BEGIN Collected data

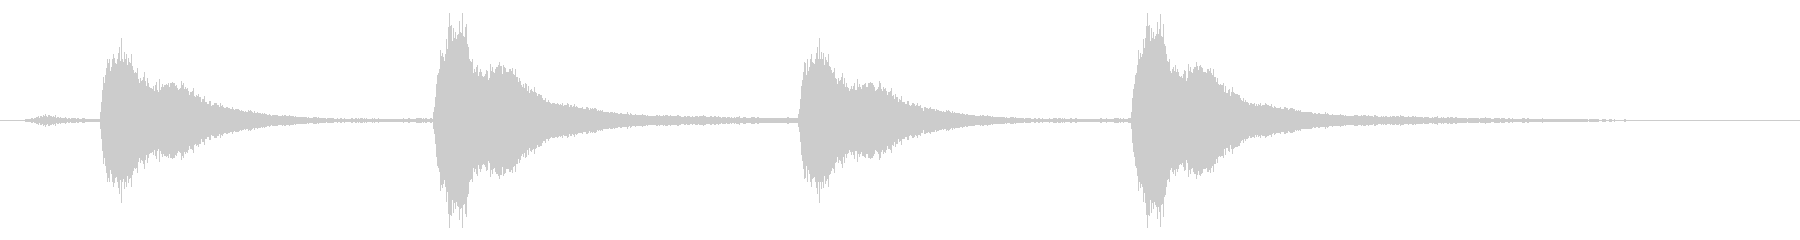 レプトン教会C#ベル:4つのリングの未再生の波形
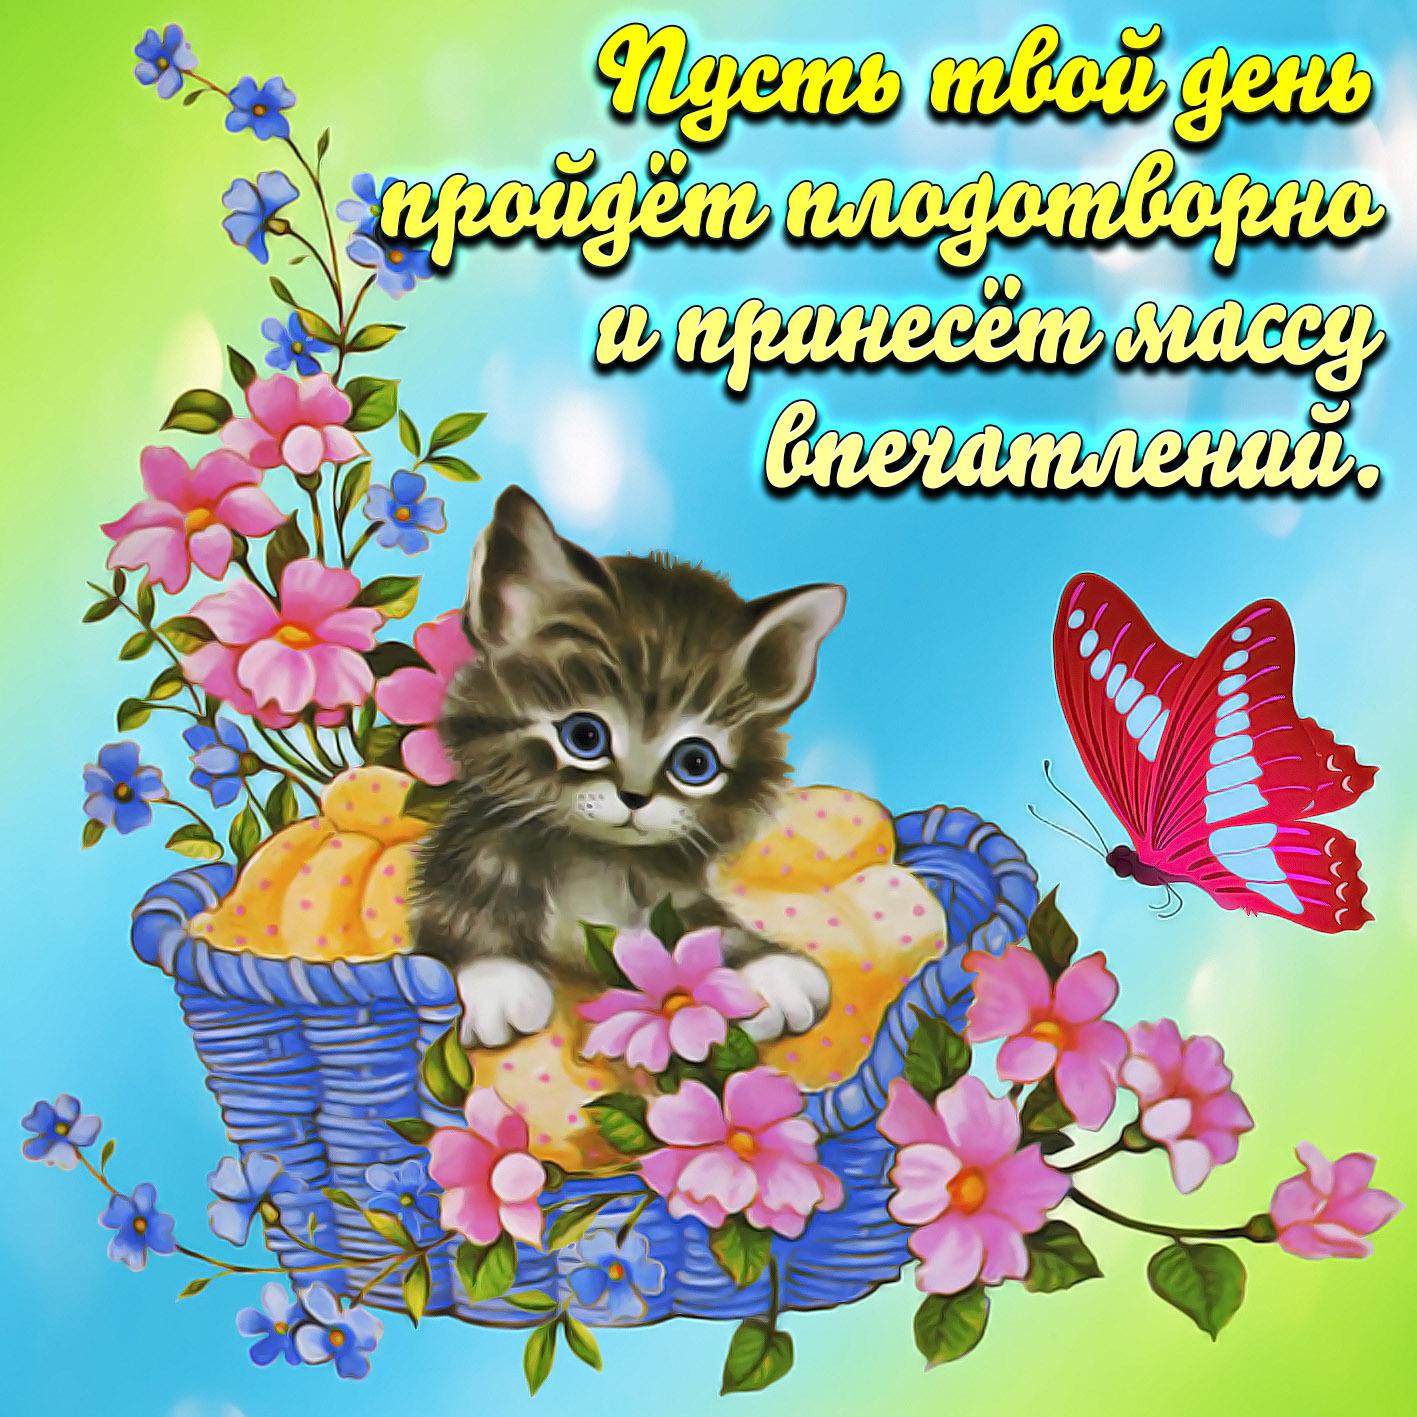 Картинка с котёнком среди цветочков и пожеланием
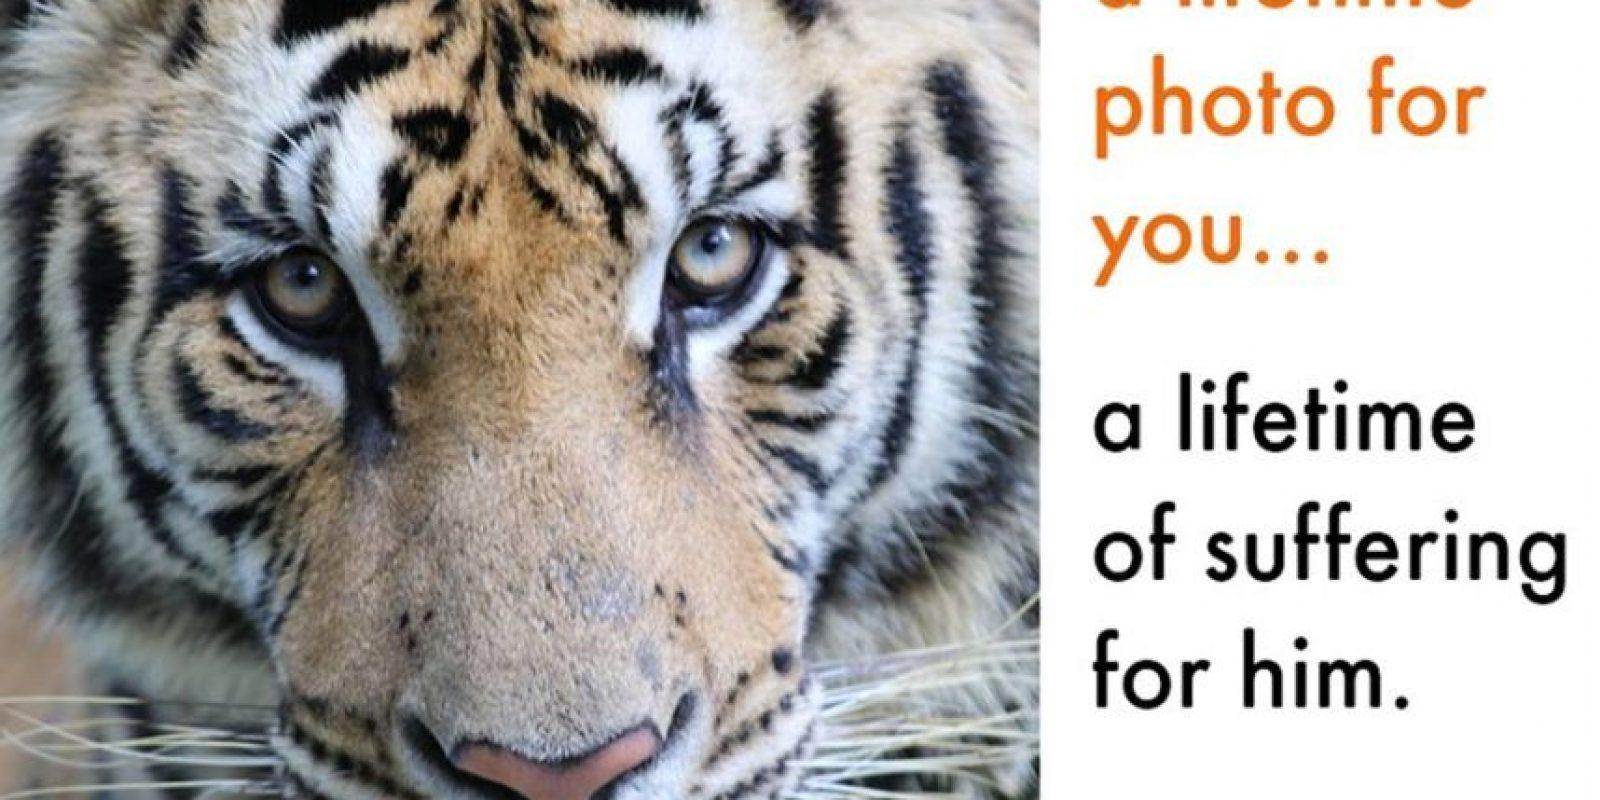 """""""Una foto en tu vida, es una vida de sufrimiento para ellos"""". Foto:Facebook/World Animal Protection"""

END Collected data

→ What you should do
Reproduce the whole of the data, word for word, and omit its pictures.

→ Response to this task
 レプトン教会C#ベル:4つのリングの未再生の波形
 Картинка с котёнком среди цветочков и пожеланием
 """""""Una foto en tu vida, es una vida de sufrimiento para ellos"""". Foto:Facebook/World Animal Protection"""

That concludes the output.